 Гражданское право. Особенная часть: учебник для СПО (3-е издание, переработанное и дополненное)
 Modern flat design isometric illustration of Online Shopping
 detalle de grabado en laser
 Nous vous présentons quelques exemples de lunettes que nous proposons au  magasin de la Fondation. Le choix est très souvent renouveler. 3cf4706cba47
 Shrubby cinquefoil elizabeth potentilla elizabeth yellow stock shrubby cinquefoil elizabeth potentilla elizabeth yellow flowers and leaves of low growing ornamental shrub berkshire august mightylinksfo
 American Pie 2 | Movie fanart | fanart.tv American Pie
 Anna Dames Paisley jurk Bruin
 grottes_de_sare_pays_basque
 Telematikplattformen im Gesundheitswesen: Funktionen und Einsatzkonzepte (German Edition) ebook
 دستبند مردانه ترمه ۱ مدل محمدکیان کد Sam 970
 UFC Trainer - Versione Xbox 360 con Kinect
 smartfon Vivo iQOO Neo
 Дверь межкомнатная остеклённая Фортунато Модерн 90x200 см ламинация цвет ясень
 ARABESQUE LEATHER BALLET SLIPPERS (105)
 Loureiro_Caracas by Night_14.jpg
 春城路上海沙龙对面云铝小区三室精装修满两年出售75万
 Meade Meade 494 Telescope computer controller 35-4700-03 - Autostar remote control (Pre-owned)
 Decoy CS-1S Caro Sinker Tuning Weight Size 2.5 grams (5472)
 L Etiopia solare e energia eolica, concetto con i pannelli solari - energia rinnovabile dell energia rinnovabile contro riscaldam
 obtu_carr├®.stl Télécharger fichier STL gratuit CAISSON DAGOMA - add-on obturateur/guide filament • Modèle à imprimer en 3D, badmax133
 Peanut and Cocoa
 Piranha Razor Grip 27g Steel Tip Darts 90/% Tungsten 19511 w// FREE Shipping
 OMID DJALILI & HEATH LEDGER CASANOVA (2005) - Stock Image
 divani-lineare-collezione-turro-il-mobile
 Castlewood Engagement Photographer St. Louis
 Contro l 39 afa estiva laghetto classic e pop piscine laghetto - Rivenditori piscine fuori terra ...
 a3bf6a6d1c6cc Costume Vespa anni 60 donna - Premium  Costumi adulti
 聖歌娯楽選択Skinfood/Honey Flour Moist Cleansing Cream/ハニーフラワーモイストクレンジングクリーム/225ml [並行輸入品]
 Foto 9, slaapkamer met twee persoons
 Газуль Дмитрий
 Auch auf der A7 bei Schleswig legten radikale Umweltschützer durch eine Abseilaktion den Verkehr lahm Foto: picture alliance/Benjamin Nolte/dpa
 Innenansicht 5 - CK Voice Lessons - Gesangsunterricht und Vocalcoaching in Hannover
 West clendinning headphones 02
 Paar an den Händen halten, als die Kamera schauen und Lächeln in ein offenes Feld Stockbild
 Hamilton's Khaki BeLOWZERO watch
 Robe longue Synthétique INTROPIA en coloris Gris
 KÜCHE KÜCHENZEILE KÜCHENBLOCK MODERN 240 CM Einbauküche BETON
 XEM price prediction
◇ ◇ ◇ ◇ ◇ ◇ ◇
* **AIM OF THE TASK**
Write out the data exactly as it stands.

* **WRITTEN RESPONSE**
 Гражданское право. Особенная часть: учебник для СПО (3-е издание, переработанное и дополненное)
 Modern flat design isometric illustration of Online Shopping
 detalle de grabado en laser
 Nous vous présentons quelques exemples de lunettes que nous proposons au  magasin de la Fondation. Le choix est très souvent renouveler. 3cf4706cba47
 Shrubby cinquefoil elizabeth potentilla elizabeth yellow stock shrubby cinquefoil elizabeth potentilla elizabeth yellow flowers and leaves of low growing ornamental shrub berkshire august mightylinksfo
 American Pie 2 | Movie fanart | fanart.tv American Pie
 Anna Dames Paisley jurk Bruin
 grottes_de_sare_pays_basque
 Telematikplattformen im Gesundheitswesen: Funktionen und Einsatzkonzepte (German Edition) ebook
 دستبند مردانه ترمه ۱ مدل محمدکیان کد Sam 970
 UFC Trainer - Versione Xbox 360 con Kinect
 smartfon Vivo iQOO Neo
 Дверь межкомнатная остеклённая Фортунато Модерн 90x200 см ламинация цвет ясень
 ARABESQUE LEATHER BALLET SLIPPERS (105)
 Loureiro_Caracas by Night_14.jpg
 春城路上海沙龙对面云铝小区三室精装修满两年出售75万
 Meade Meade 494 Telescope computer controller 35-4700-03 - Autostar remote control (Pre-owned)
 Decoy CS-1S Caro Sinker Tuning Weight Size 2.5 grams (5472)
 L Etiopia solare e energia eolica, concetto con i pannelli solari - energia rinnovabile dell energia rinnovabile contro riscaldam
 obtu_carr├®.stl Télécharger fichier STL gratuit CAISSON DAGOMA - add-on obturateur/guide filament • Modèle à imprimer en 3D, badmax133
 Peanut and Cocoa
 Piranha Razor Grip 27g Steel Tip Darts 90/% Tungsten 19511 w// FREE Shipping
 OMID DJALILI & HEATH LEDGER CASANOVA (2005) - Stock Image
 divani-lineare-collezione-turro-il-mobile
 Castlewood Engagement Photographer St. Louis
 Contro l 39 afa estiva laghetto classic e pop piscine laghetto - Rivenditori piscine fuori terra ...
 a3bf6a6d1c6cc Costume Vespa anni 60 donna - Premium  Costumi adulti
 聖歌娯楽選択Skinfood/Honey Flour Moist Cleansing Cream/ハニーフラワーモイストクレンジングクリーム/225ml [並行輸入品]
 Foto 9, slaapkamer met twee persoons
 Газуль Дмитрий
 Auch auf der A7 bei Schleswig legten radikale Umweltschützer durch eine Abseilaktion den Verkehr lahm Foto: picture alliance/Benjamin Nolte/dpa
 Innenansicht 5 - CK Voice Lessons - Gesangsunterricht und Vocalcoaching in Hannover
 West clendinning headphones 02
 Paar an den Händen halten, als die Kamera schauen und Lächeln in ein offenes Feld Stockbild
 Hamilton's Khaki BeLOWZERO watch
 Robe longue Synthétique INTROPIA en coloris Gris
 KÜCHE KÜCHENZEILE KÜCHENBLOCK MODERN 240 CM Einbauküche BETON
 XEM price prediction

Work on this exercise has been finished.